Primeiro, vale lembrar que nada disso, nem mesmo os acordos ortográficos, tem valor de lei. Não passam de meras recomendações, em que pese o linguajar prescritivo e pomposo de que não raro se valem. A normatividade de fato, a que pega pra valer mesmo, vem do âmbito ou da instituição em que se está trabalhando: é o departamento que impõe as normas da ABNT, é a editora que impõe o AO, é a emissora que decide seguir o modelo germânico etc. A implicação disso para o seu problema é a seguinte:

*siga a norma do âmbito em que o seu trabalho se insere; se não houver norma, faça como achar melhor.*​
Segundo, no meu caso, o problema tinha a ver com títulos em francês e alemão. Mesmo seguindo à risca o AO de 1990 simplesmente não dá para mexer num título em alemão. Em inglês dá. Em alemão não. Em nada. Ele tem de aparecer bonitinho tal como no original: _Phänomenologie des Geistes_ é _Phänomenologie des Geistes_ em qualquer situação, muito embora em português possa aparecer _Fenomenologia do espírito_ ou _do Espírito_. Em francês algo similar mas menos dramático ocorre. Na verdade, o francês não segue a regra latina ao pé da letra. Por exemplo, se o título começa com artigo e substantivo em contração, tanto o artigo como o substantivo vão para caixa alta, mesmo que todo o resto fique em minúsculas: _L'Amour,_ não _L'amour._ Fica feio. Parece amador. Respeito a idiossincrasia do francês. Acho que no italiano é a mesma coisa, mas não tenho certeza.
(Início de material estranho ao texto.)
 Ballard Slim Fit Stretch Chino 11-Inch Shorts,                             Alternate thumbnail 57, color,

Generalizando do alemão e do francês, tirei uma regra óbvia disso — regra, bem entendido, para uso pessoal e sujeita a ser anulada por instância maior (departamento, editora etc.) — afinal, se vale para alemão e francês, vale então para qualquer outra língua, como o inglês, em que os títulos são mais passíveis de mexeção. É a seguinte:

*eu respeito a grafia do original se a língua for estrangeira; sigo o AO em português*​
No caso de livros, abro a folha de rosto e copio. Se a folha de rosto não ajudar, por exemplo, se estiver em caixa alta, copio do verso, do cólofon, da lombada, da capa. Faria a mesma coisa com filmes e gravações. Botaria para rodar ou tocar e copiaria tal como aparecesse na tela. Se não aparecer na tela ou não for visual, copio do disco, da caixa, da capa, do encarte.

Terceiro, as normas recomendações de citação e bibliografia não são apenas para livros. Valem igualmente para material visual, sonoro, performances, tudo. Não leve muito a sério o biblio- de termos como bibliônimo. Bibliografia é uma lista de obras; não é uma lista de livros. Artigo não é livro, por exemplo.
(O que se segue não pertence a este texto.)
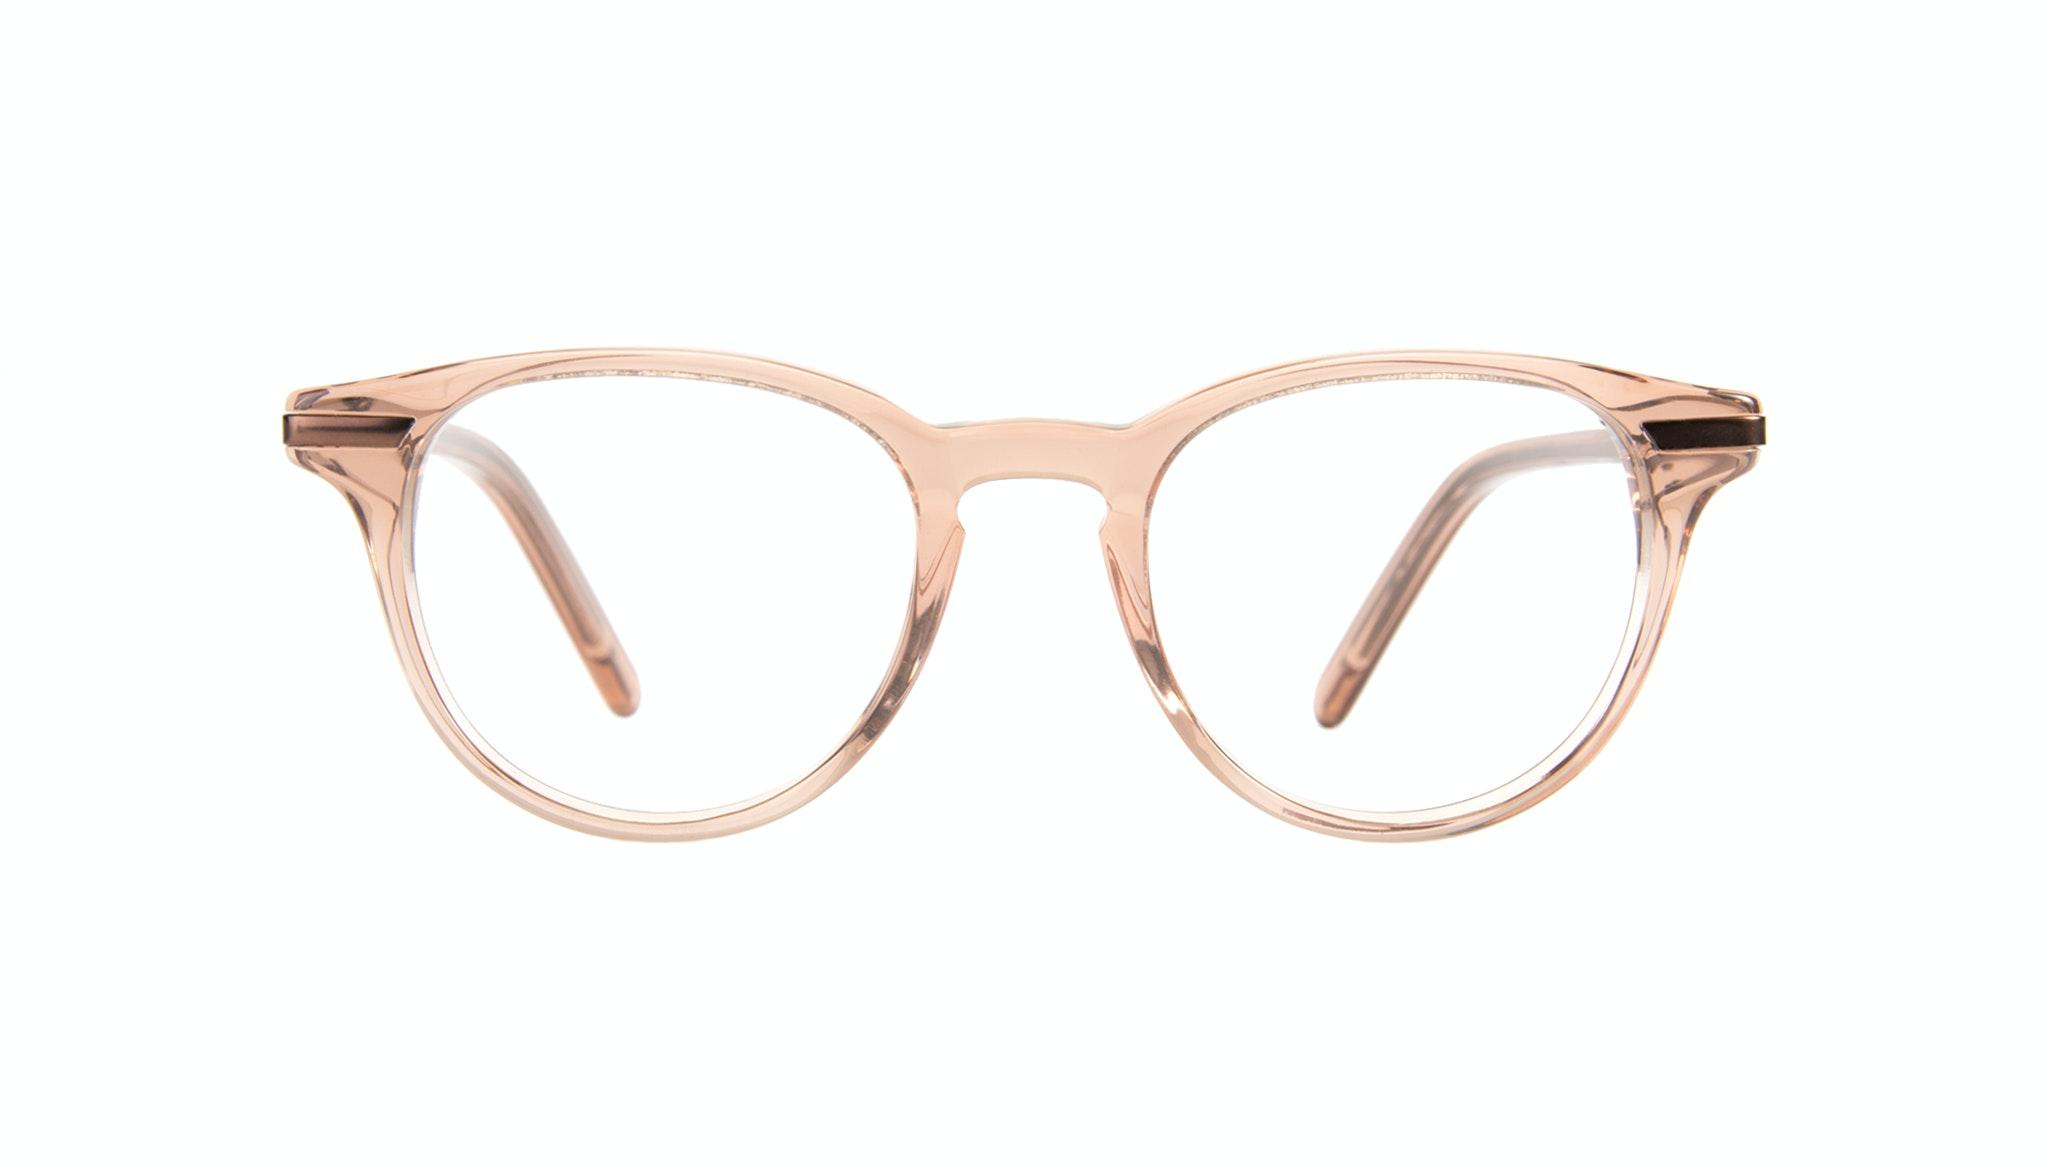 Affordable Fashion Glasses Round Eyeglasses Women Spark Rose

Quarto, agora o momento rebelde. Todas essas normas recomendações são para citações e bibliografias. No entanto, um texto é mais do que citações e bibliografia. Ora, um texto tem corpo. E no corpo do texto quem manda é o autor. Se uma norma qualquer exigir que, na bibliografia e nas citações, FENOMENOLOGIA DO ESPÍRITO venha em maiúsculas, ali virá, mas no corpo do texto vai aparecer como eu quiser. A única regra que me imponho no corpo do texto é a da consistência: uma vez adotada uma forma, usá-la sistematicamente até o fim.

Quinto, só para constar, as normas NBR 10520 e 6023 da ABNT de 2002, que tratam de citações e referências bibliográficas, não somente nada esclarecem a respeito, como era de se esperar, como são inconsistentes nesse quesito. Todo tipo de grafia de títulos aparece. Por exemplo, nas páginas 4 e 5 da 10520 vemos:

O Direito da História​O positivismo jurídico​Plano diretor da reforma do Estado​Learning in adulthoold: a comprehensive guide.​
Usam a regra germânica e a latina em português, e a latina em inglês. É o vale tudo.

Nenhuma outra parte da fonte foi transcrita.